Menteri Lingkungan Hidup dan Kehutanan Siti Nurbaya Bakar lebih tegas menyampaikan aspek yang dinilai bagi daerah tidak hanya mengenai lingkungan, tapi juga menyangkut ekonomi, sosial, dan pemberdayaan masyarakat yang menekankan tata kelola pemerintahan daerah yang baik yang dapat mengintegrasikan aspek pembangunan berkelanjutan.

Hal itu dia tegaskan dalam rapat koordinasi Rebranding Strategy Program Adipura di Kementerian LHK, Jakarta, belum lama ini, yang dihadiri para wali kota, bupati, dan dewan penilai Adipura.

Konsep rebranding dilihat dari beberapa hal, tidak hanya nilai administratif secara fungsional dan urban area, tapi juga cakupan good environmental governance secara keseluruhan. Jadi rebranding dari strategi program Adipura akan mencakup fungsi lingkungan yang lebih luas.
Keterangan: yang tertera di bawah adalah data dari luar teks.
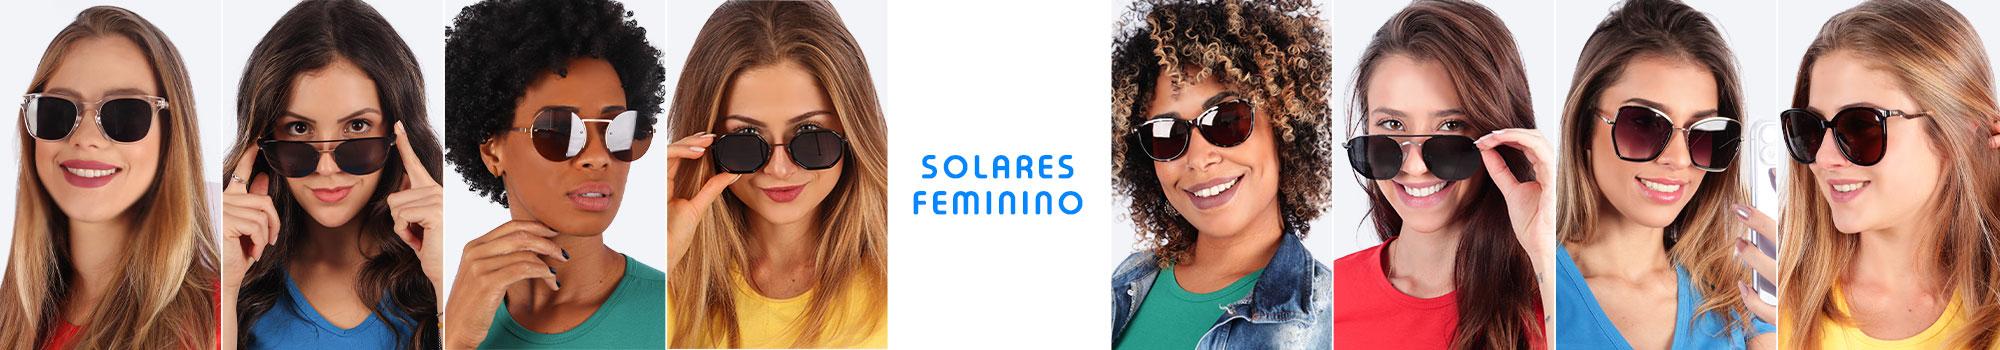 Categoria oculos solar feminino

Menurut Menteri Siti, walaupun terkesan kompleks, kriteria dan indikator pada program Adipura hampir sama dengan sebelumnya, yakni pengelolaan sampah dan ruang terbuka hijau yang dilakukan pemerintah daerah serta partisipasi aktif masyarakat. "Hanya ada penambahan beberapa indikator, di antaranya pada kriteria dan indikator penilaian terkait dengan mitigasi dan adaptasi perubahan iklim, penanganan kebakaran hutan dan lahan, serta pengelolaan pertambangan berwawasan lingkungan," ujar Menteri Siti.

Diharapkan, dengan penilaian yang lebih ketat, akan lahir kota dengan kualitas lingkungan terbaik. Dari sinilah bobot persoalan akan banyak digali dari konsep kepemimpinan wilayah yang dianut dan dipraktikkan para kepala daerah.

Dengan demikian, akan lahir konsep kota sehat dalam arti menyeluruh, kondusif, dan menarik dalam arti mampu mampu mendorong pertumbuhan ekonomi, yakni trade, tourism, and investment (TTI) berbasis pengelolaan lingkungan hidup (attractive city).

Integrasi sampah
Dari sekian persoalan yang strategis terkait dengan penilaian program Adipura, masalah sampah dianggap yang paling krusial untuk dicarikan solusi yang cerdas dan terintegrasi.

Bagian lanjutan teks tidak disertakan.